__Task statement__: Every line below is to be given again precisely; images are to be left out.

__Data section__:
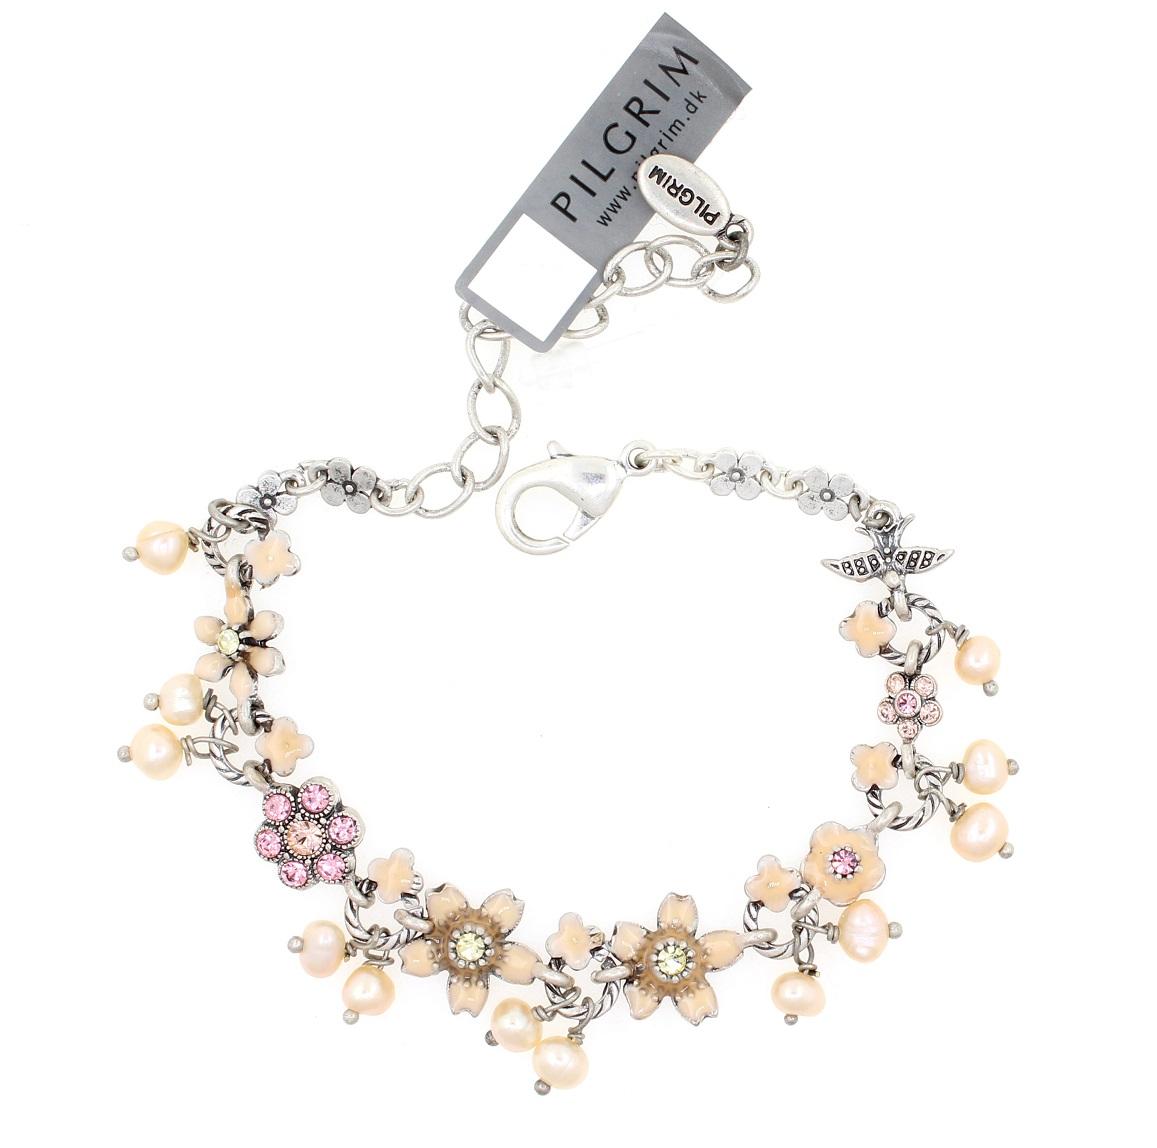 PILGRIM - Swallows & Flowers - Bracelet - Oxidised Silver/Pink BNWT
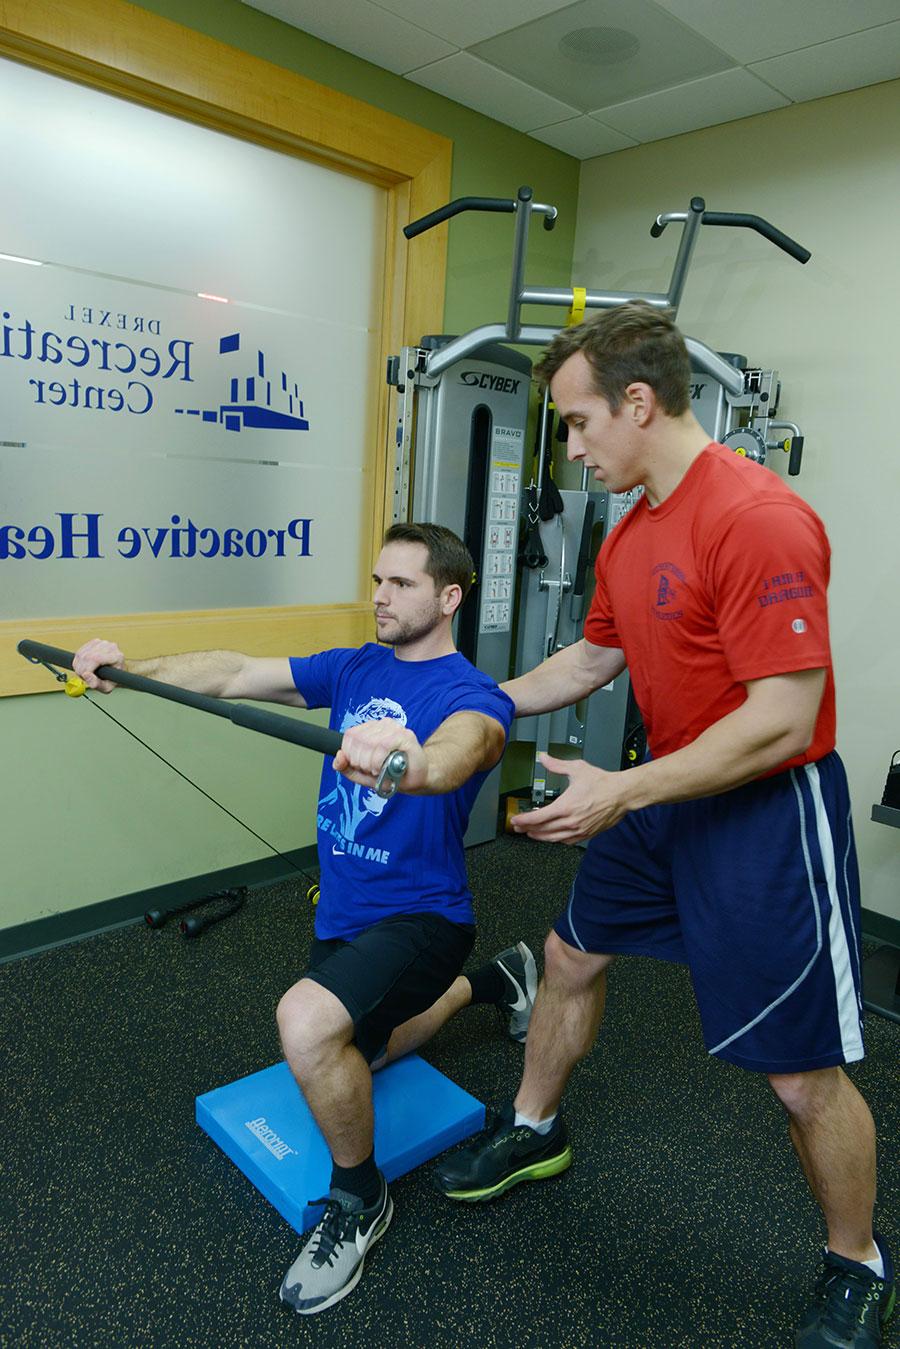 Personal Training | Recreation Center | Drexel University
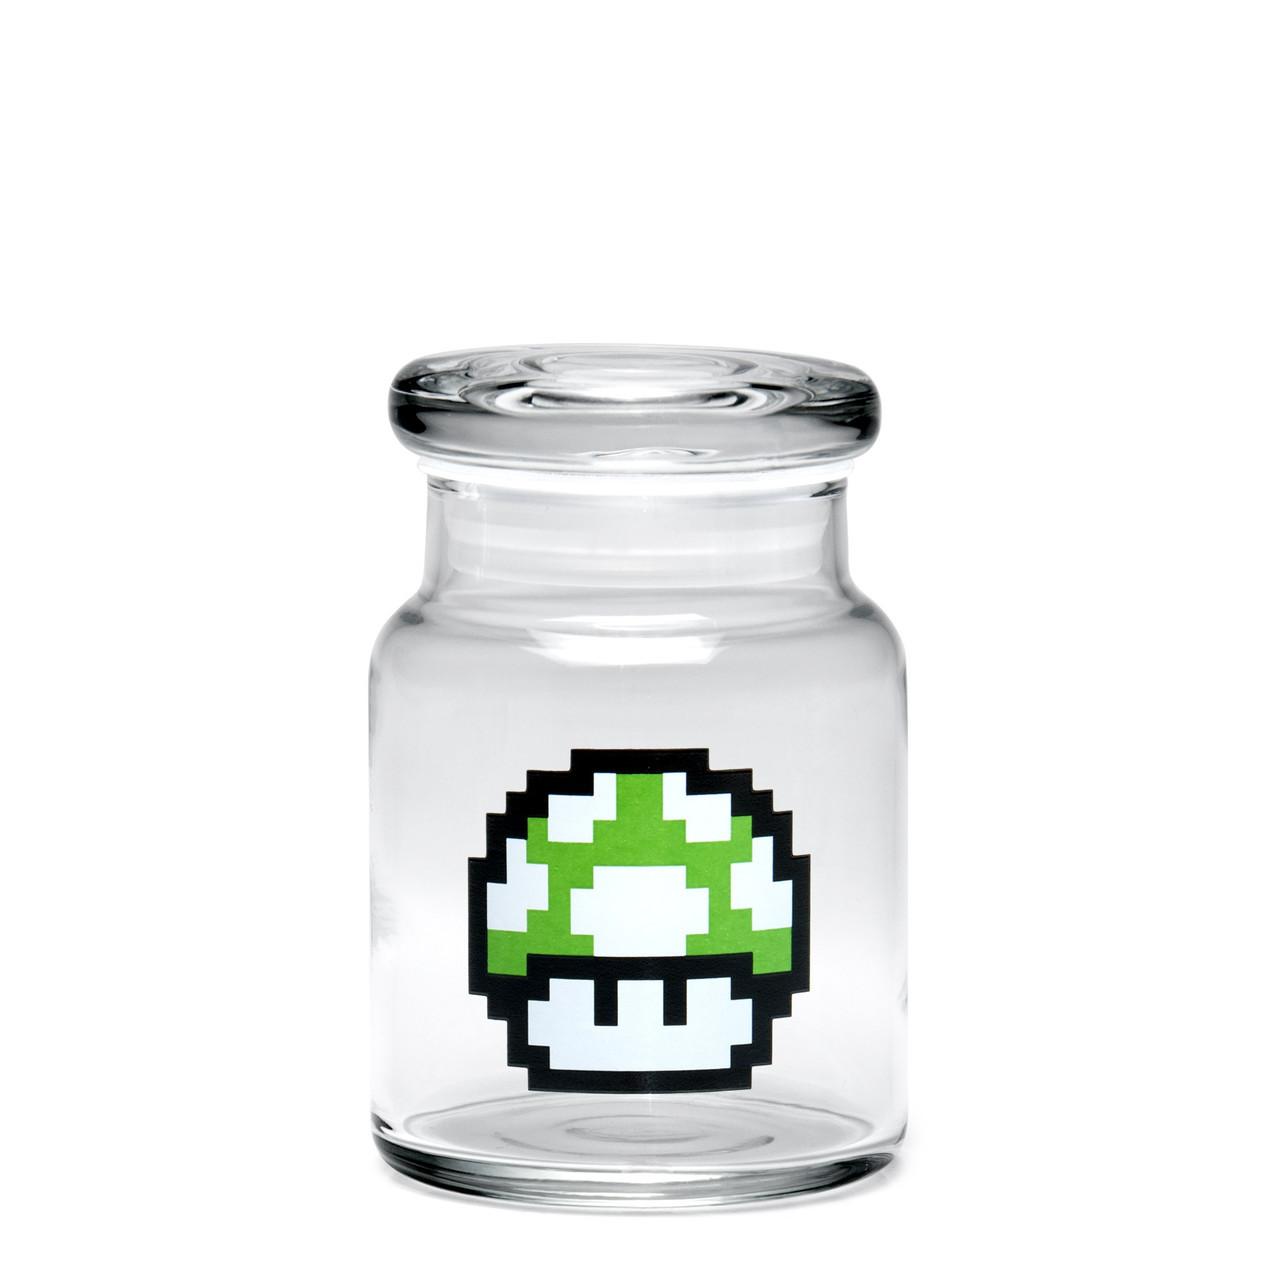 420 Science Small Pop-Top Jar - 1-Up Mushroom

__Final answer__:
 PILGRIM - Swallows & Flowers - Bracelet - Oxidised Silver/Pink BNWT
 Personal Training | Recreation Center | Drexel University
 420 Science Small Pop-Top Jar - 1-Up Mushroom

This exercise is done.